Alice had meant to tell Harriet her news. And then Jeff had arrived — and anyway, before that, she had worried that if she brought it out in the middle of their conversation, she could seem to be trumping Harriet’s own crisis, or trying to put her somehow in the wrong. So she decided to put off telling anyone. Anyway, it wasn’t really news, not yet. It might turn out to be nothing: this small lump she had found in her breast in the middle of one night, a week or so ago, after the Pattens’ dinner party. The lump was new, she was sure of it; but it might only be benign. She had woken and put her hand straight to the place; it seemed to have called her out of her sleep, as distinctly as a tiny alarm going off. And she had phoned the next day for an appointment with her doctor, as soon as she got back to London. That margin of delay — she supposed she’d have gone right away, if she was sensible — was the only sign she gave herself that she was afraid.
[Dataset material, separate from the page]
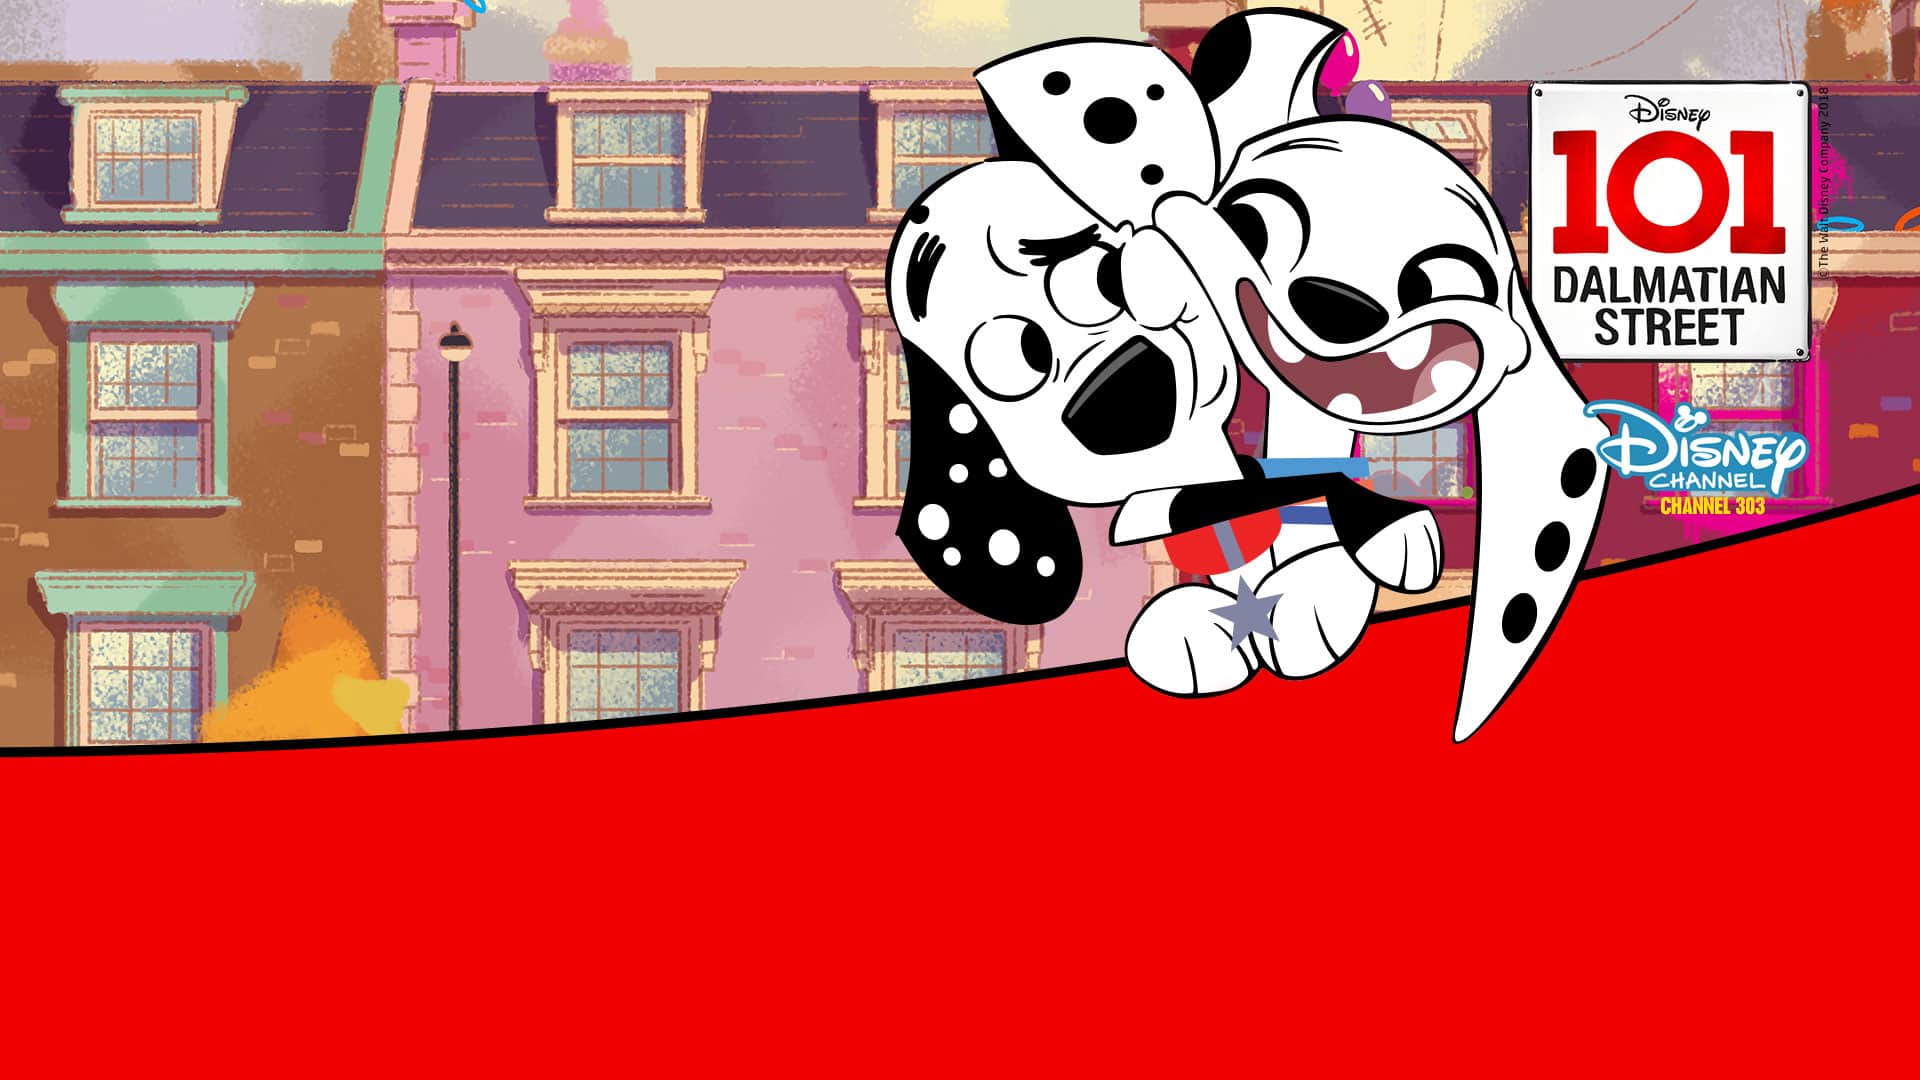 Brand new Disney Channel Animation 101 Dalmatian Street
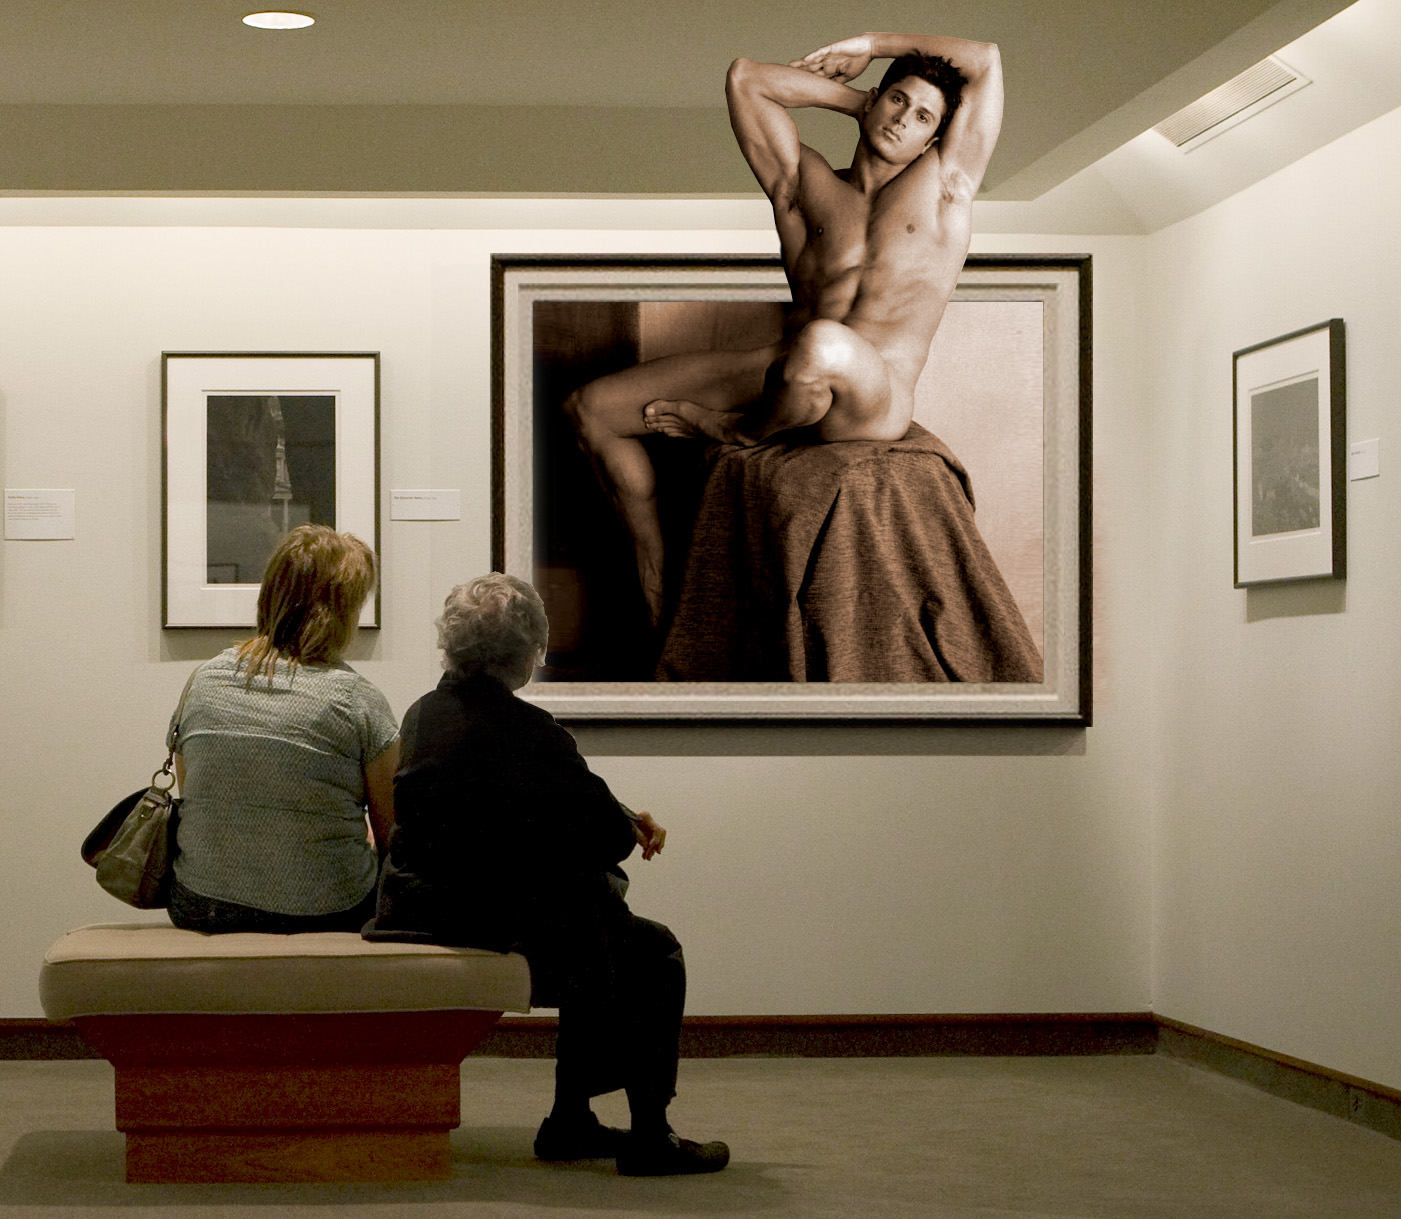 Art Gallery of Masculine Beauty & Homo Eroticism

No, of course she was afraid, that went without saying — especially when she woke alone in the night. And she was conscious of the lump at every moment, even sitting here in the garden with Jeff, drinking beer with him happily, waiting for the others to get back. But for the time being the fear stayed in its separate compartment from the rest of her life; and it was not as bad, not yet, as she might have expected. After all, there was every reason to be hopeful. Even if it was cancer, so many cancers were treatable these days. Their mother might not have died, they had sometimes said, if she’d had access to the latest developments in medicine. Alice surprised herself with her own resilience. No doubt when she was back in London the reality would lunge from its dark tunnel, mowing her down. But that hadn’t happened yet. The lump still belonged to her and had some meaning for her. She told herself it was connected to that intimation on her first day at Kington, when the light moving on the wallpaper in her grandparents’ bedroom, and the voices from outside, had pierced her with memories of such intensity. She had known then that something lay in wait for her, something was promised. Only she had mistaken what it was.